Did we get another DoS false positive over the night? I think I've got all the servers restarted now.
Down earlier due to a semi-planned move being aborted halfway and the network cable being plugged back into the wrong port (gg triple nic motherboard)
Packet loss about 2 hours ago due to a massive (40+ gbit) ddos on another customer Probably a lot more where that came from too after the recent NTP shite But yeah ddos detection system did its job very effectively (perhaps too effectively)

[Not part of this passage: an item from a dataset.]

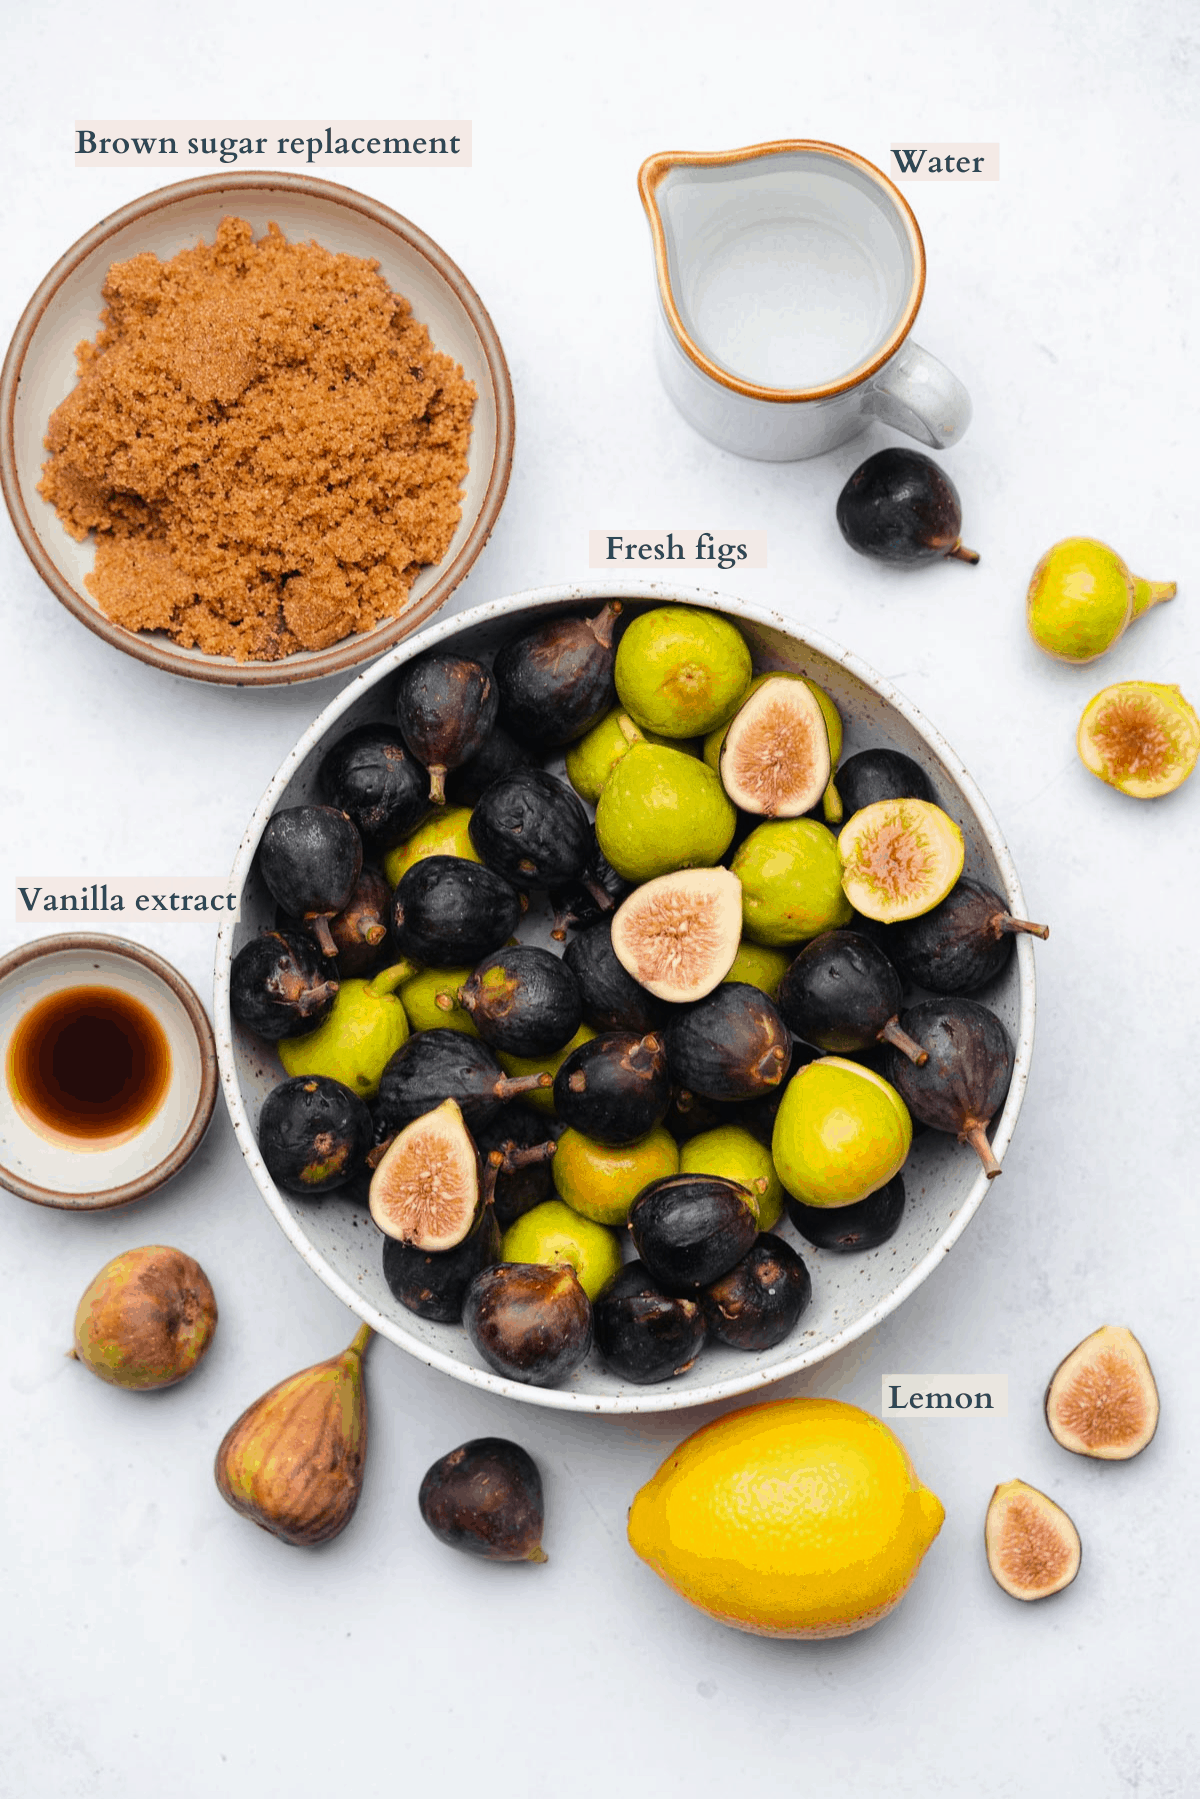 figs spread ingredients with text to denote different ingredients

Down for an hour or so this morning due to a massive mail queue fuck up freezing php-fpm and eventually somehow killing nginx entirely Entirely unrelated to the move, which has not yet occurred (pushed to an unknown later date)
Seems to be connectivity/upstream issues, extremely high pings etc. Gameservers have been disabled twice now by the ddos detection thingy, probably best they stay off until this is resolved
intermittent downtime for past 3 hours and my sleeping pattern fucked beyond belief thanks to the incompetent retards behind LVM2
prophunt stats DDoS actually managed to bring down murmur for about 30 mins, conveniently while i was afk
Server went down for unknown reasons at approx 08:45 BST and came back rebooted at approx 09:30 BST For some reason the web shit didn't start automatically until I noticed it was fucked (about an hour ago), so all websites were down for about 7 hours
Have now added a fix so the second bit shouldn't be able to happen again. Can't diagnose or do anything anything about the spontaneous reboot and hopefully it's not indicative of anything bad
late x9000 but i've determined this was a power failure of some sort as other bandwidth.co.uk servers have an almost identical uptime so gg nothing to worry about, still stable as fuck
Site was down for the past hour due to a kernel bug (first i've seen a bug in the mainline kernel in quite a long time) combined with the excellent logic of grsecurity which decided to ban the user that web services run under Code: [Mon Jun 30 19:41:37 2014] grsec: banning user with uid 500 until system restart for suspicious kernel crash
Starbound servers will be down for the next ~12 hours because disk space is about to run out and I'm juggling partitions Edit: Maintenance complete, everything is now gravy
As suspected it was a routing issue, caused by the internet as a whole hitting 512k BGP sessions for the first time ever. In other words, someone literally broke the internet http://www.reddit.com/r/sysadmin/comments/2dcol3/the_internet_hit_512k_bgp_routes_today_causing/
"Tldr. BGP is the backbone of the internet and the internets just got fat enough for the backbone to start cracking."